As usual, you're attacking an argument nobody else is addressing. Nobody but you seems to have expected a one to one trade between legal options and piracy. That's something you've apparently made up from whole cloth. What has been argued in the past is that you can't "compete with free", and the success of Netflix and other services handily disproves that. Any lower revenues are the result of a natural consumer-driven shift from a purchase to a rental model, and that's just the reality of the marketplace that exists in the current day. Nobody's going to pay purchase prices for a rental, no matter how much you whine.
But, hey, if you want to lie about me personally just to get some cheap shots in while you proudly display your ignorance, go for it. Anyone reading your tiresome crap will know who is actually addressing reality and who is a pathetic contrarian troll, and they know you are on the wrong side of that coin.

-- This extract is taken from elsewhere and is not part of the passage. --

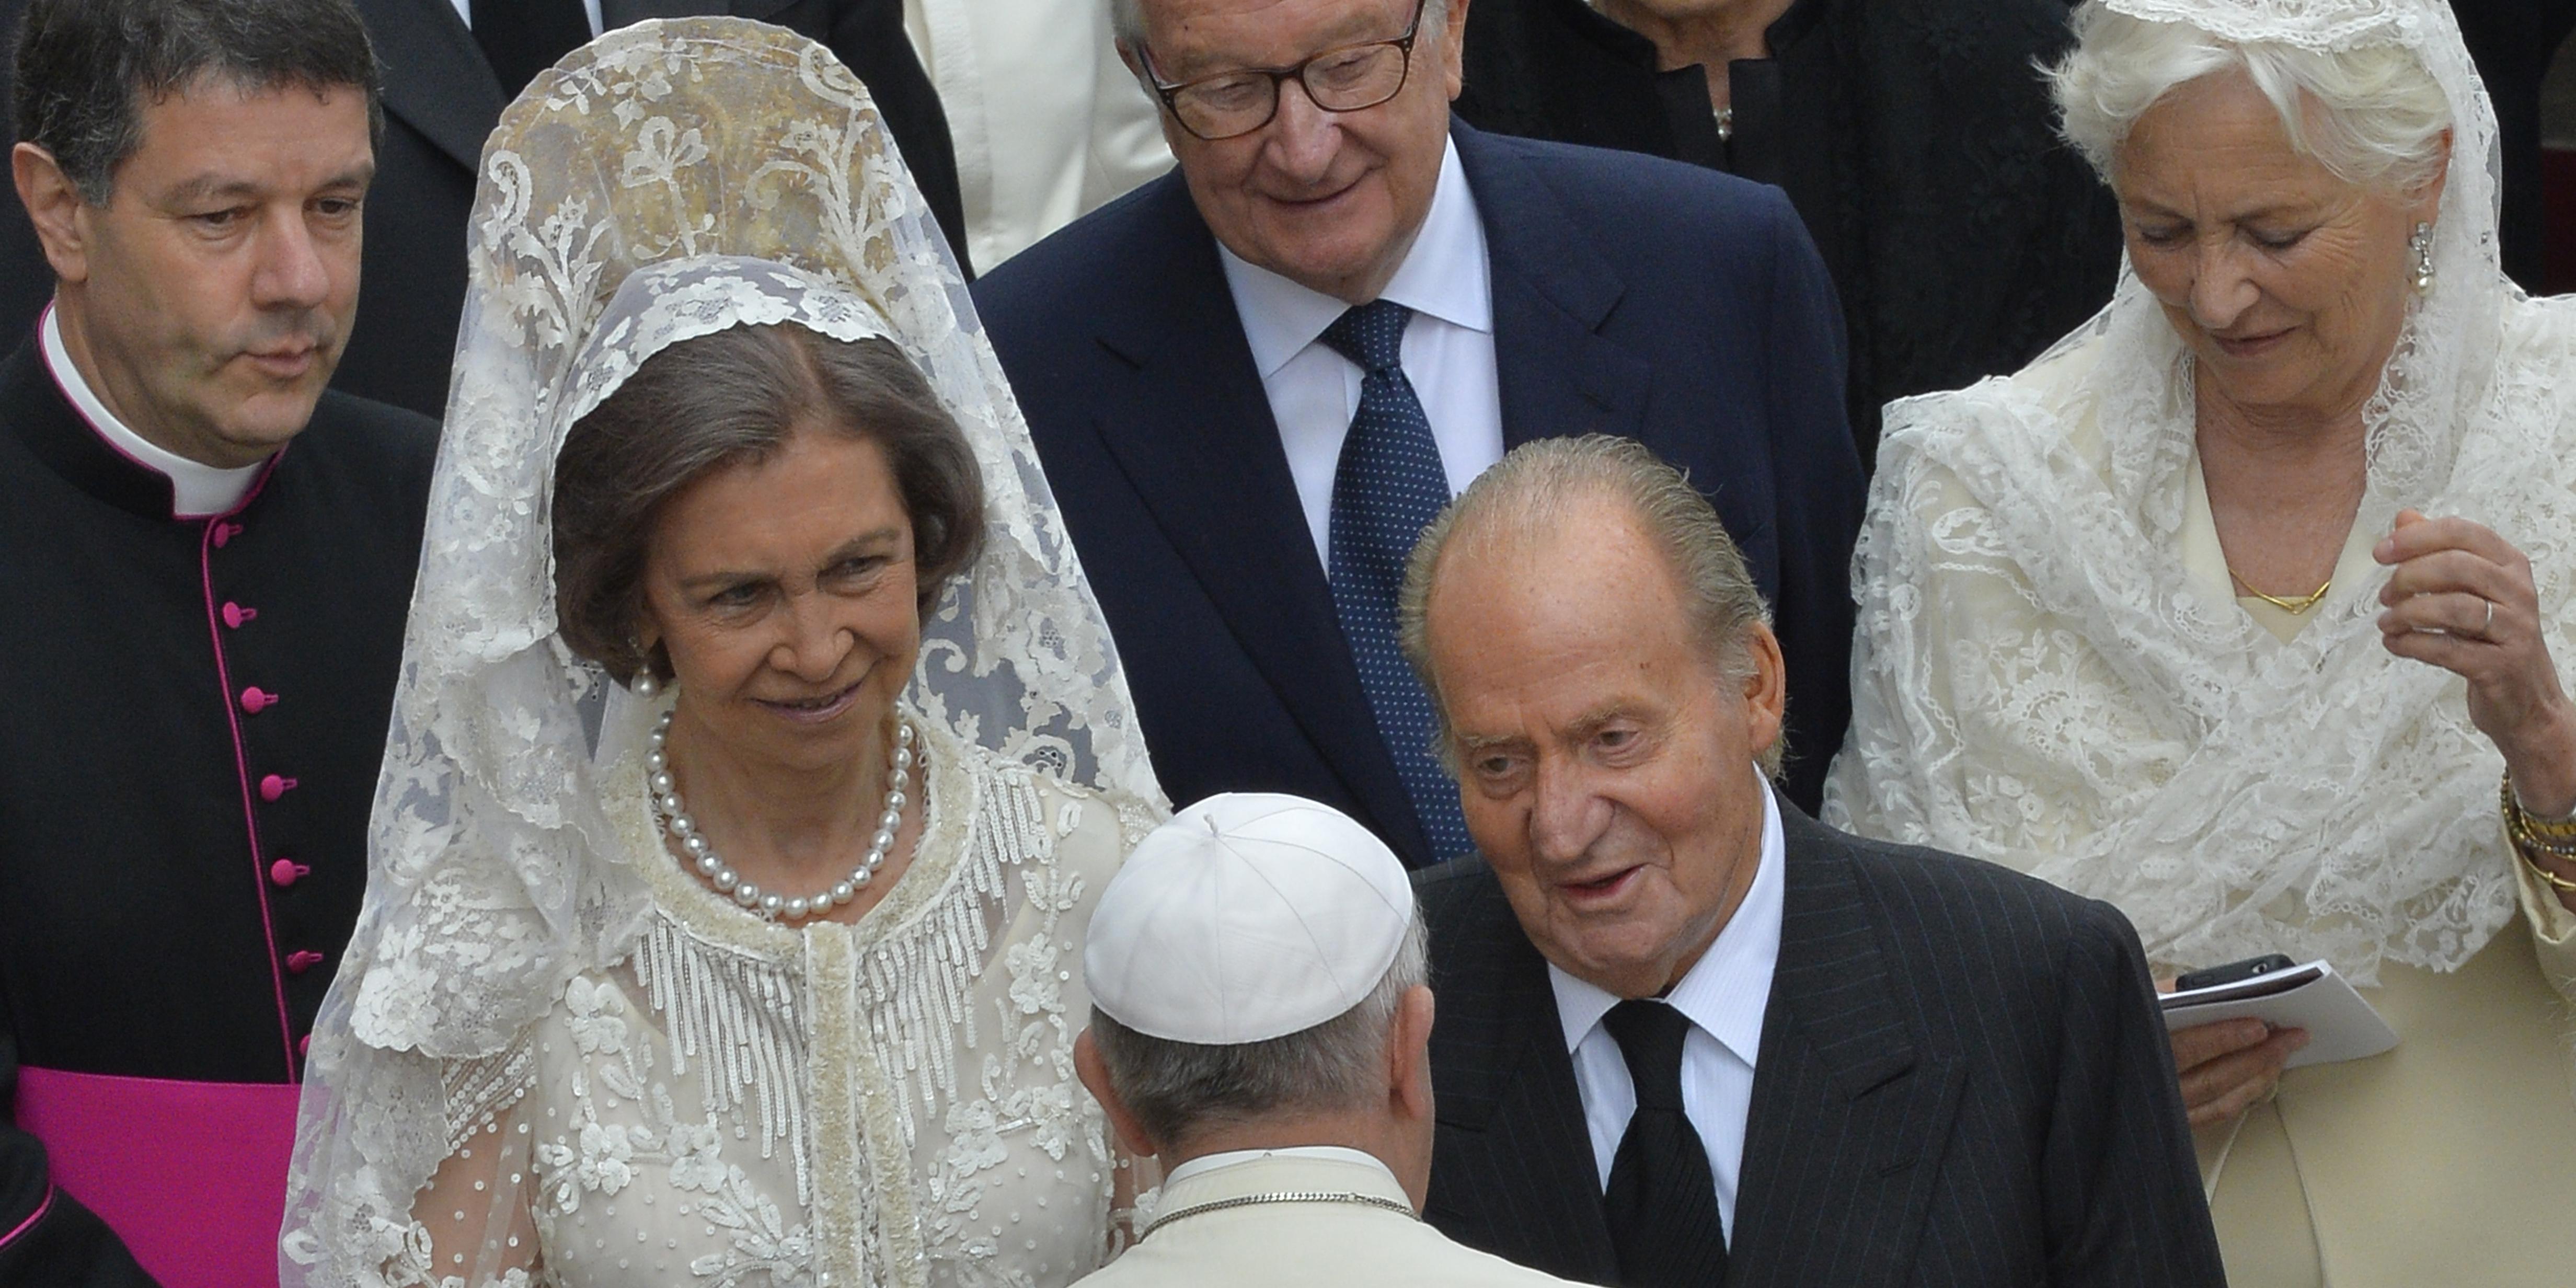 SPAIN ROYAL POPE

[ link to this | view in thread ]
Re: Re: Re: Re: Re: Re: Re: Re:
As usual, you're attacking an argument nobody else is addressing.
This is coming from the guy who expects to find his remarks in comment threads via search engines like Google.
Making arguments nobody else has brought up or addressed is MyNameHere's bread and butter. It's the passive-aggressive love letter to average joe/antidirt's "y u no debate me masnick, diaf".
[ link to this | view in thread ]
Re: Re: Re: Re: Re: Re: Re: Re: Re:
It's silly that we have to introduce honesty into every argument, but when you have someone seriously complaining that people don't pay the same for a Netflix sub as they would have done to buy every title they watch outright on DVD, you have to make sure they look as ridiculous as they are.